┏━━

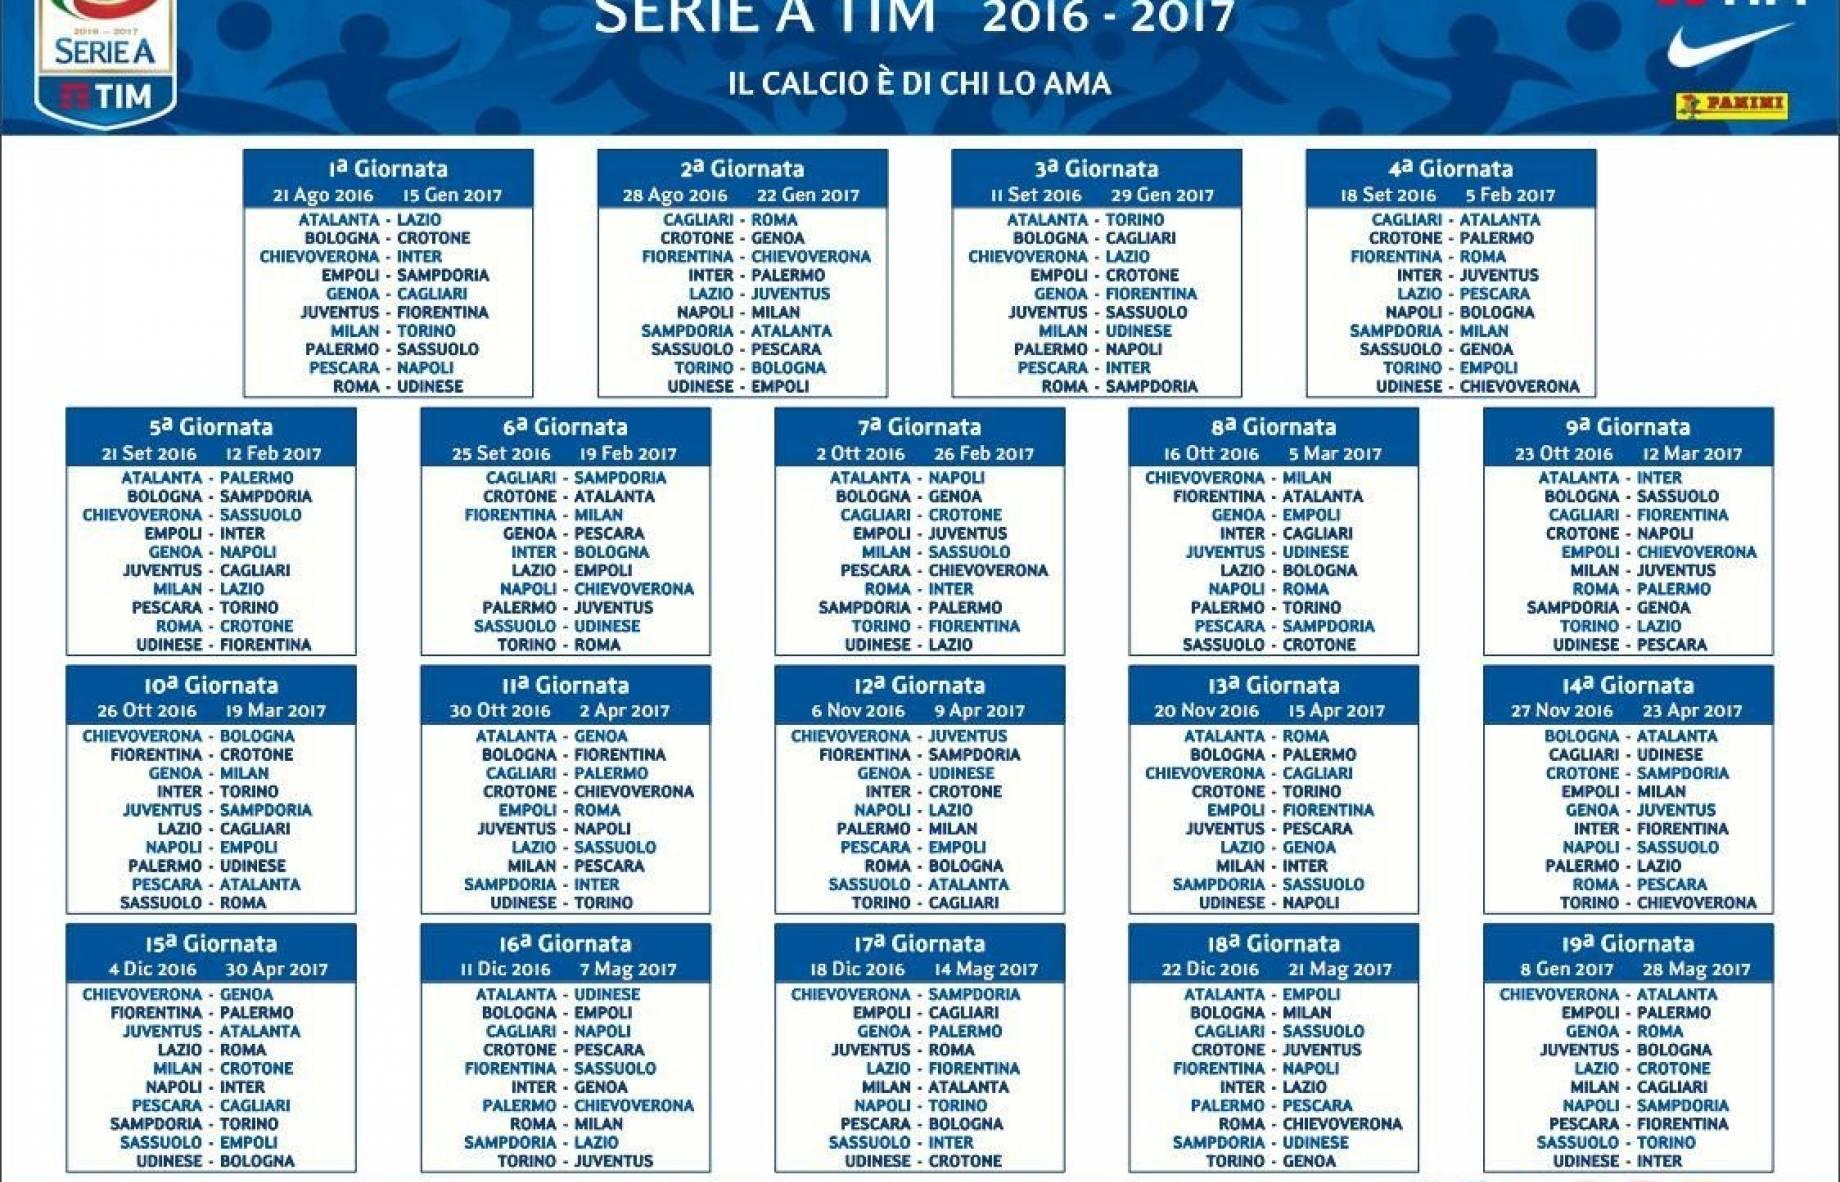 Calendario Anticipi E Posticipi Serie A.Serie A Il Calendario Degli Anticipi E Dei Posticipi Fino A
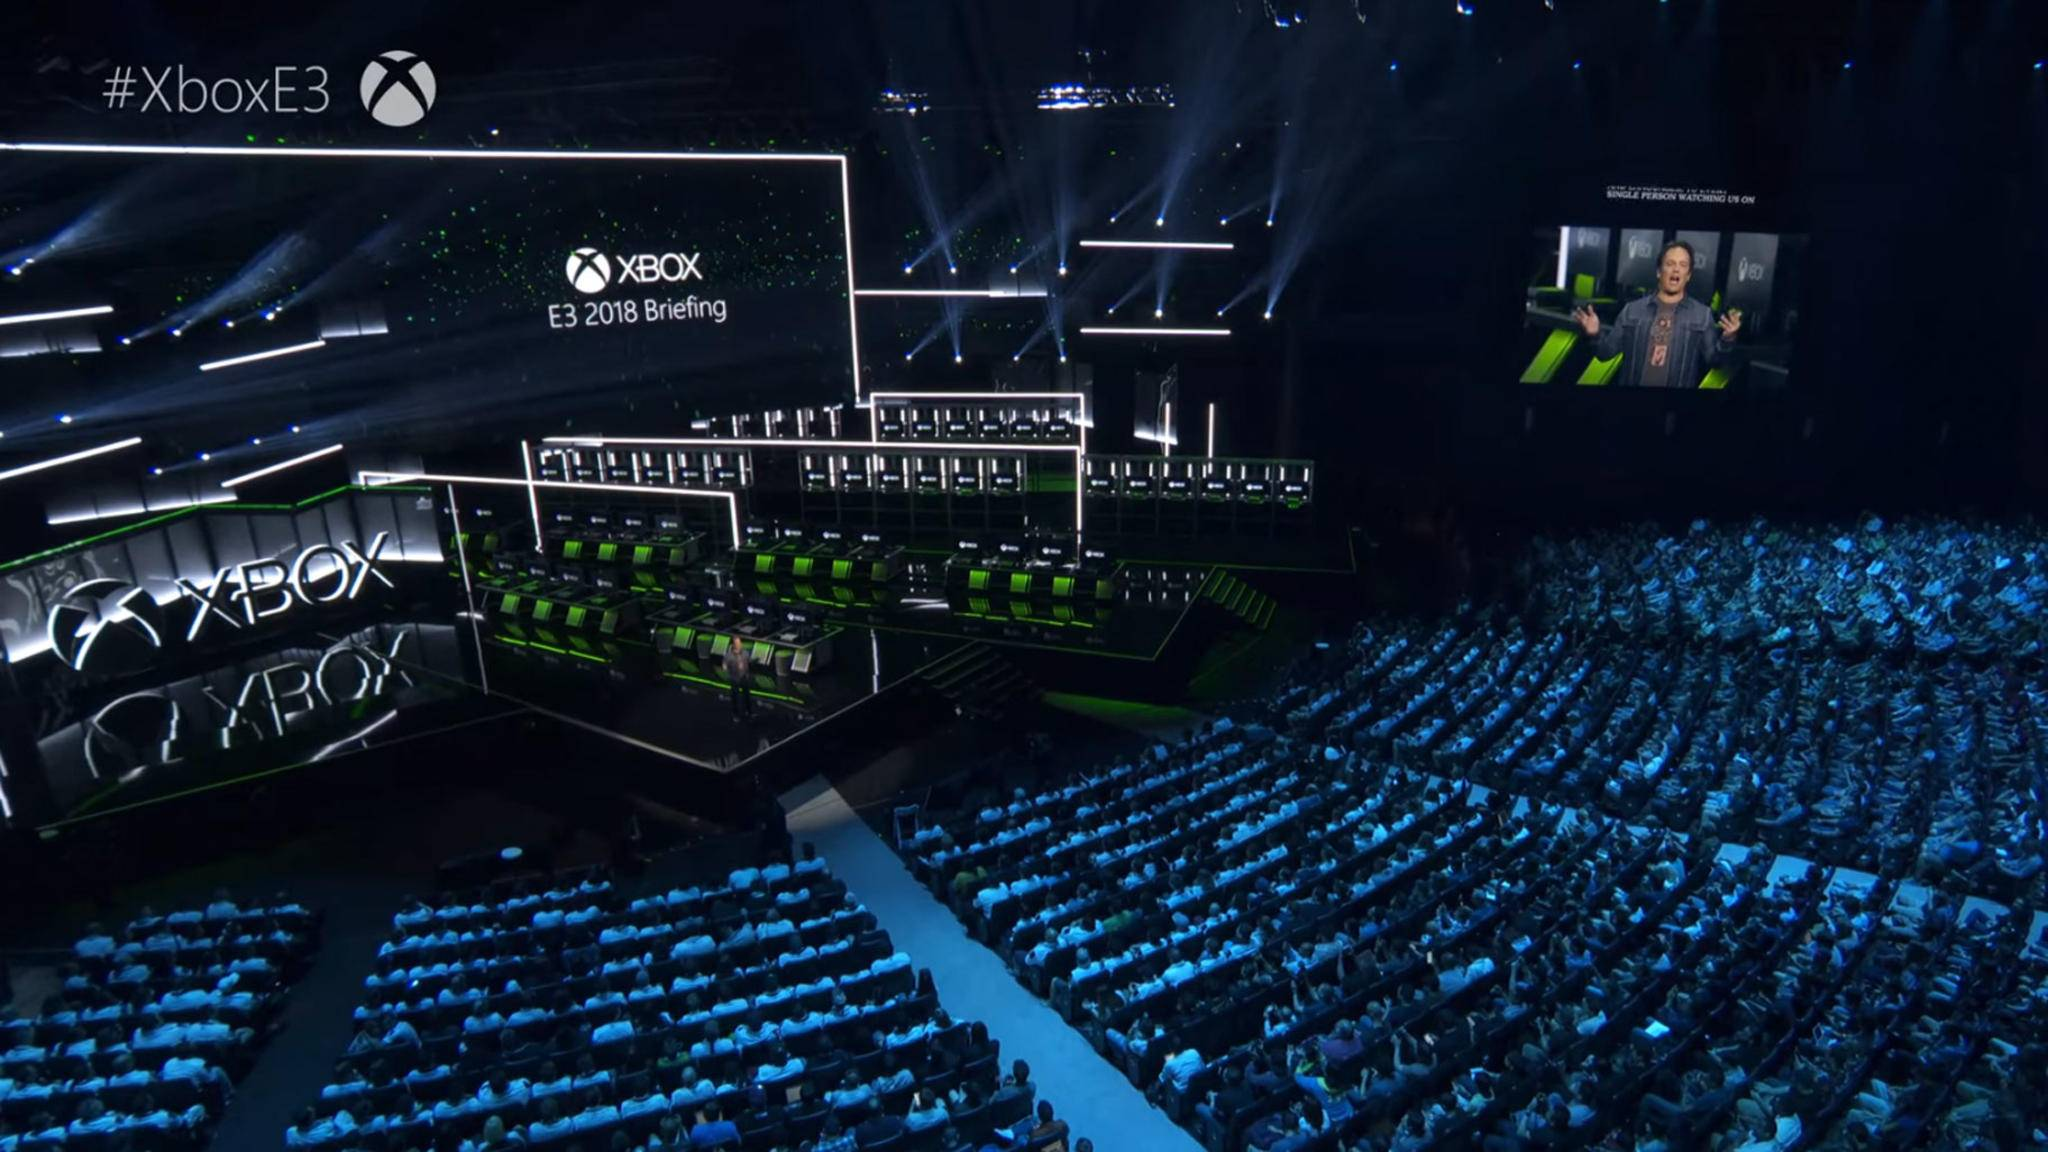 Auf der E3 2018 war von VR für die Xbox One keine Rede mehr. Jetzt wissen wir, warum.
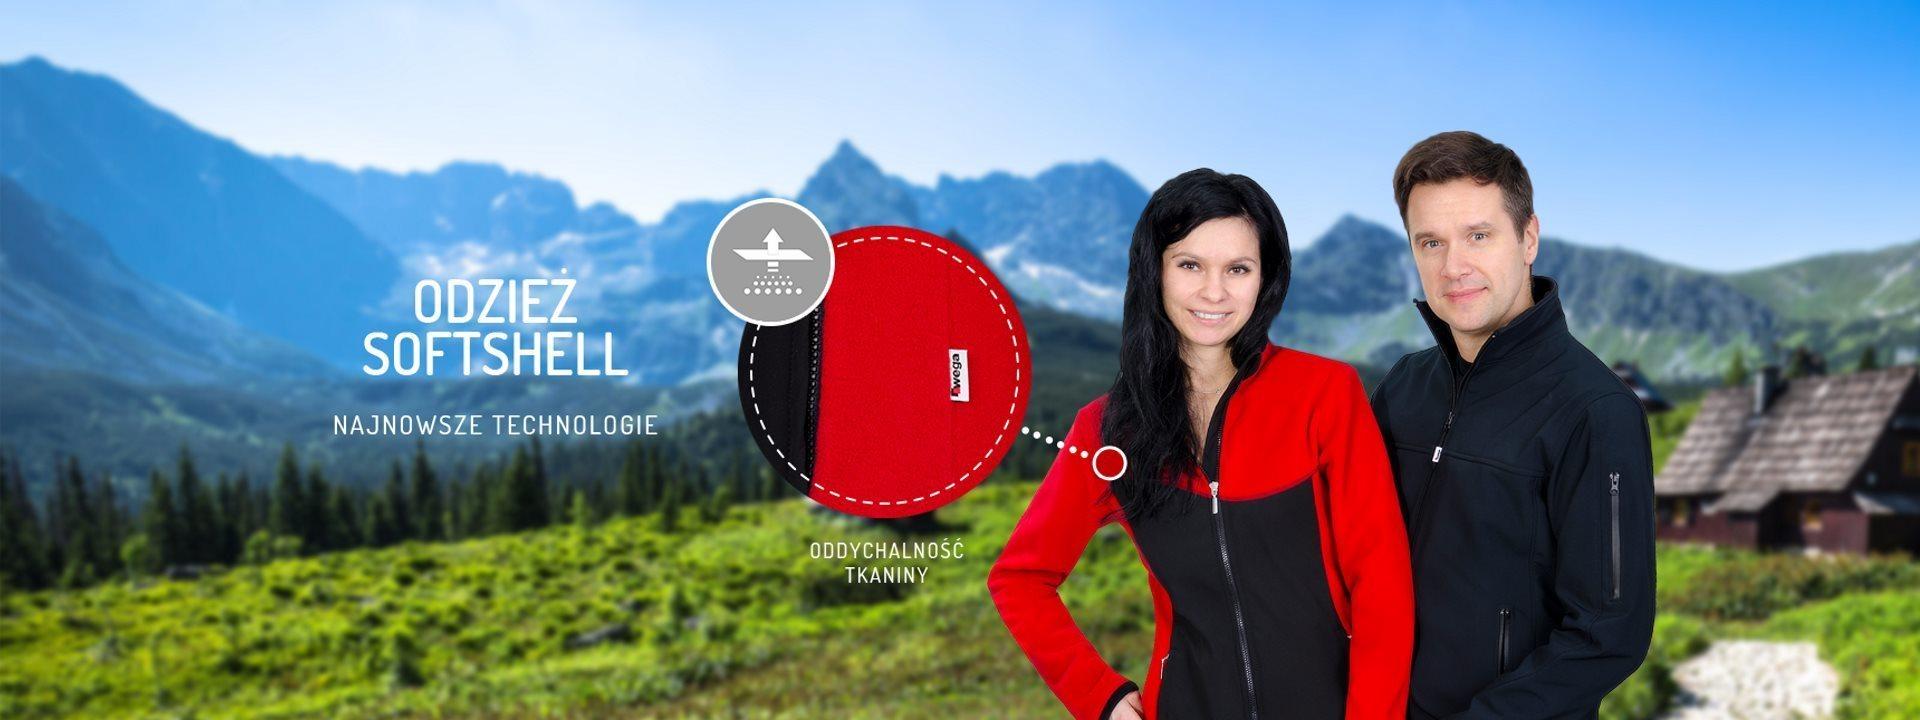 odzież dla firm, reklamowa i ochronna z certyfikatem, na zamówienie od producenta szyte w polsce, buty robocze s1 s2 s3
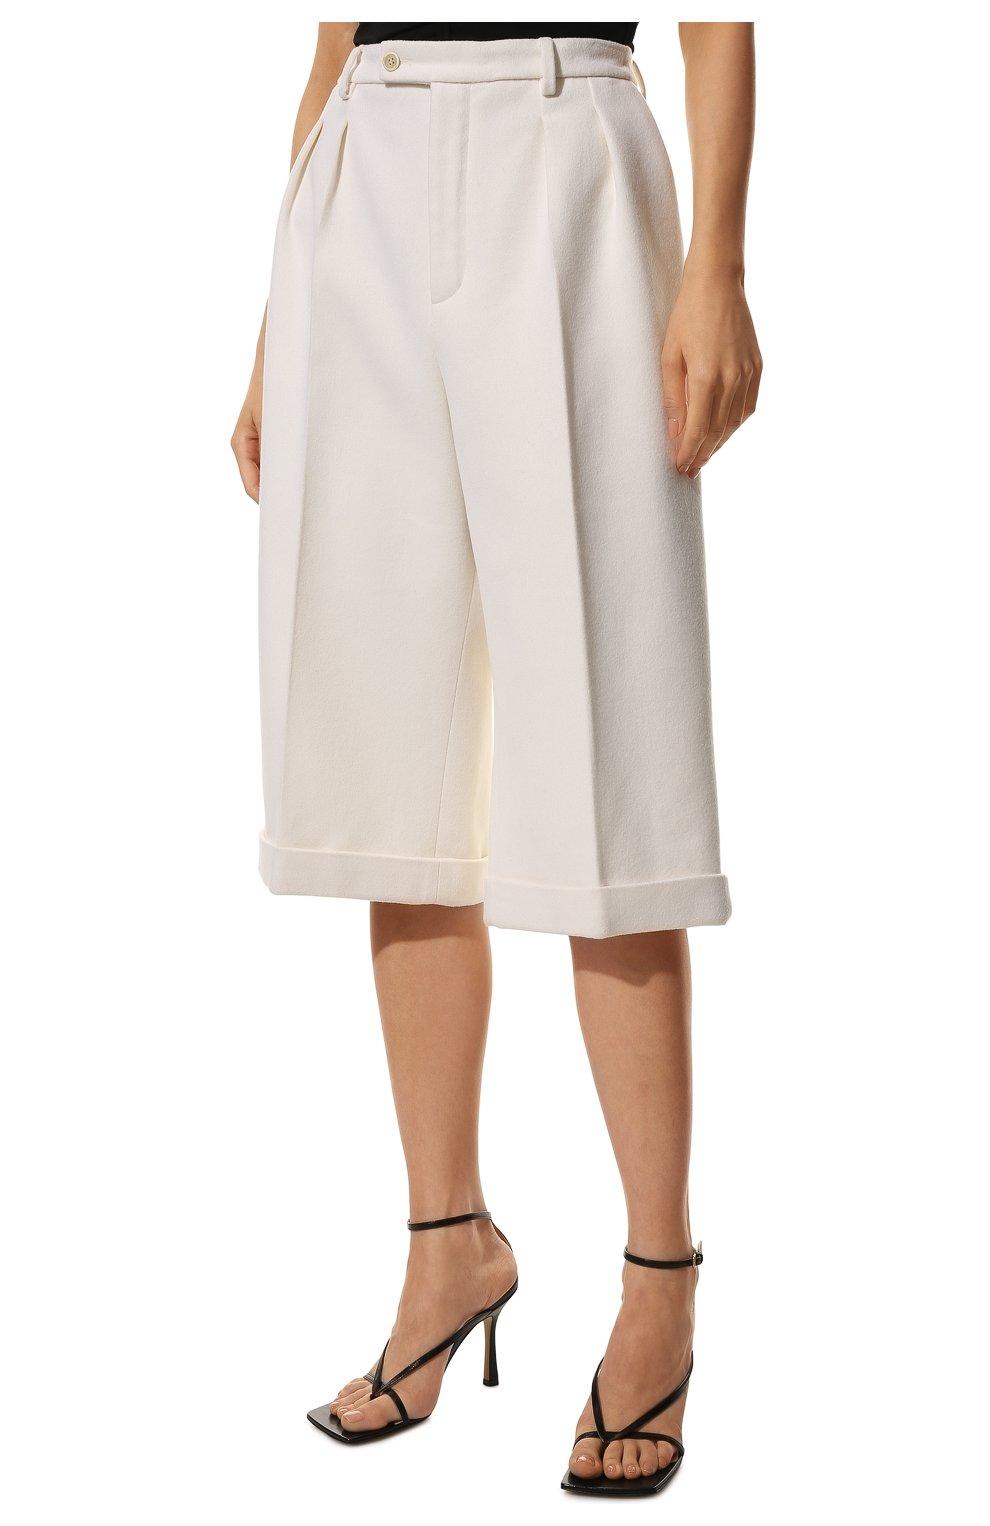 Женские шорты из шерсти и кашемира SAINT LAURENT белого цвета, арт. 640224/Y3B45 | Фото 3 (Женское Кросс-КТ: Шорты-одежда; Материал внешний: Шерсть; Кросс-КТ: Широкие; Длина Ж (юбки, платья, шорты): До колена; Материал подклада: Шелк; Стили: Кэжуэл)

┗━━

What you have to do
Give the material above again exactly as it stands, minus any images.

Result
 Calendario Anticipi E Posticipi Serie A.Serie A Il Calendario Degli Anticipi E Dei Posticipi Fino A
 Auf der E3 2018 war von VR für die Xbox One keine Rede mehr. Jetzt wissen wir, warum.
 odzież dla firm, reklamowa i ochronna z certyfikatem, na zamówienie od producenta szyte w polsce, buty robocze s1 s2 s3
 Женские шорты из шерсти и кашемира SAINT LAURENT белого цвета, арт. 640224/Y3B45 | Фото 3 (Женское Кросс-КТ: Шорты-одежда; Материал внешний: Шерсть; Кросс-КТ: Широкие; Длина Ж (юбки, платья, шорты): До колена; Материал подклада: Шелк; Стили: Кэжуэл)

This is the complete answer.